Structural Teacher-Student Normality Learning for Multi-Class Anomaly Detection and Localization
Hanqiu Deng, Xingyu Li
TL;DR
This work identifies cross-class interference as a key failure mode of teacher-student distillation when applied to multi-class anomaly detection. It introduces Structural Teacher-Student Normality Learning (SNL), which combines structural distillation (spatial-channel alignment and affinity-based constraints) with a Central Residual Aggregation Module to learn compact normal representations. On the MVTecAD and VisA benchmarks, SNL substantially improves both anomaly detection and localization compared with baseline FD/RD methods and state-of-the-art unified models.

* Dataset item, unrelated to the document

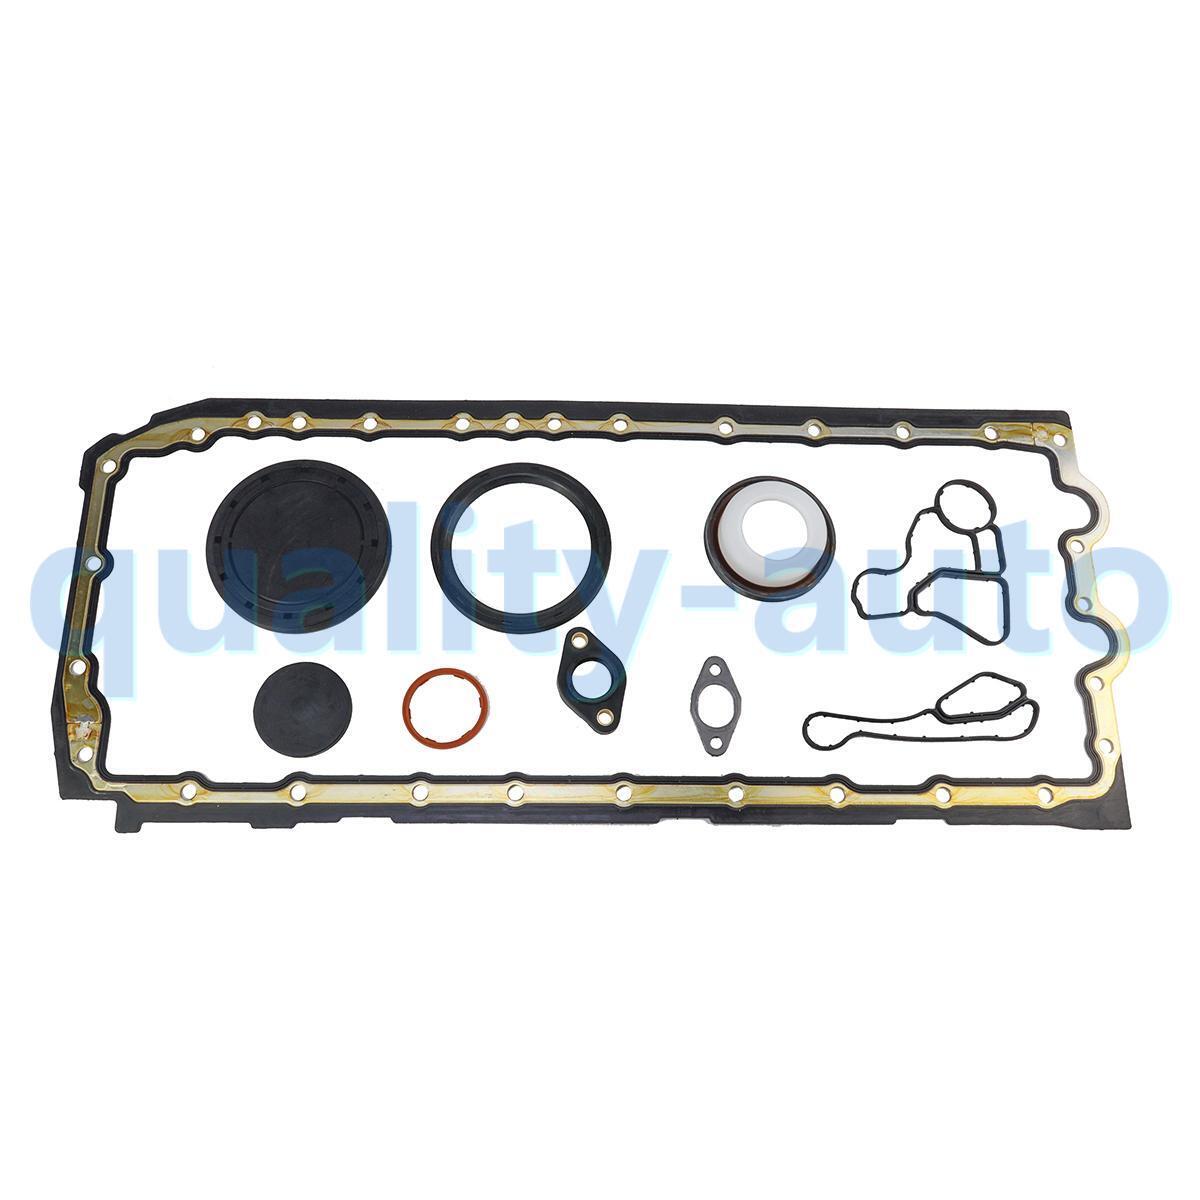 Oil Pan Gasket Set w/ Oil Cooler Seal for BMW M135i 335i 435i 535i X5 X6 N55 N54

The approach offers strong generalization to existing teacher-student networks and provides interpretable structural cues through affinity and residual-normality learning, enabling robust multi-class anomaly coverage in practical settings.
Abstract
Visual anomaly detection is a challenging open-set task aimed at identifying unknown anomalous patterns while modeling normal data. The knowledge distillation paradigm has shown remarkable performance in one-class anomaly detection by leveraging teacher-student network feature comparisons. However, extending this paradigm to multi-class anomaly detection introduces novel scalability challenges. In this study, we address the significant performance degradation observed in previous teacher-student models when applied to multi-class anomaly detection, which we identify as resulting from cross-class interference. To tackle this issue, we introduce a novel approach known as Structural Teacher-Student Normality Learning (SNL): (1) We propose spatial-channel distillation and intra-&inter-affinity distillation techniques to measure structural distance between the teacher and student networks. (2) We introduce a central residual aggregation module (CRAM) to encapsulate the normal representation space of the student network. We evaluate our proposed approach on two anomaly detection datasets, MVTecAD and VisA. Our method surpasses the state-of-the-art distillation-based algorithms by a significant margin of 3.9% and 1.5% on MVTecAD and 1.2% and 2.5% on VisA in the multi-class anomaly detection and localization tasks, respectively. Furthermore, our algorithm outperforms the current state-of-the-art unified models on both MVTecAD and VisA.